At the moment, I'm working my way through a large batch of lentil soup. By "large", I mean "I can probably eat this as either a main course or a side dish with every meal this week". The total cost for this is, well, I haven't worked it out exactly, but I'd guess all the ingredients come to about $6. It took me maybe a half hour to get all the ingredients in the pot (then you just let everything boil for a while). Not a bad deal, I say. Other useful recipes to know include potato-cheddar soup, minestrone, baked potato, and various ham-based things.

As for Debian, the first thing that I started working on when I got back was a brand shiny new problem resolver for aptitude.

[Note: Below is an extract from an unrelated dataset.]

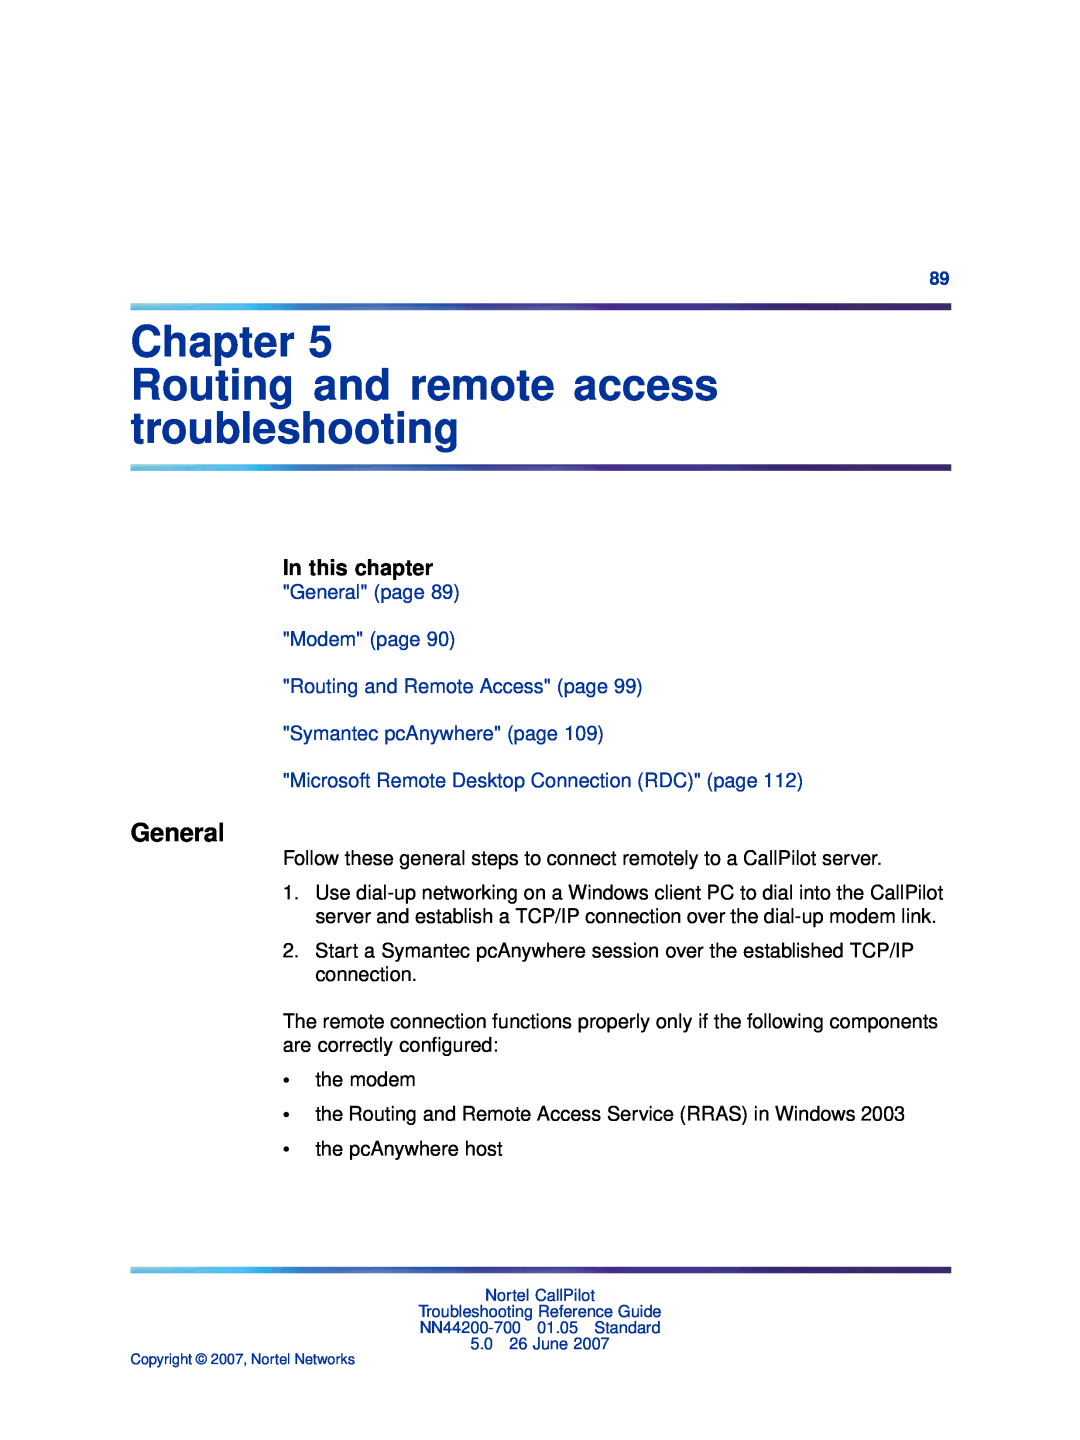 Nortel Networks NN44200-700 manual Chapter Routing and remote access troubleshooting, General, In this chapter

More on this in another post; I may be a bit clueless about blogs, but I think they're supposed to be shorter than this ;-). For now, you can just read my ramblings on the subject, or try aptitude from experimental and see what brea^H^H^H^Hhappens.

This Dang Blog Thingamajig

Well, I finally broke down and set up a blog. I'm still not sure what they're good for, or even if I'll use this more than occasionally, but time will tell how this works out.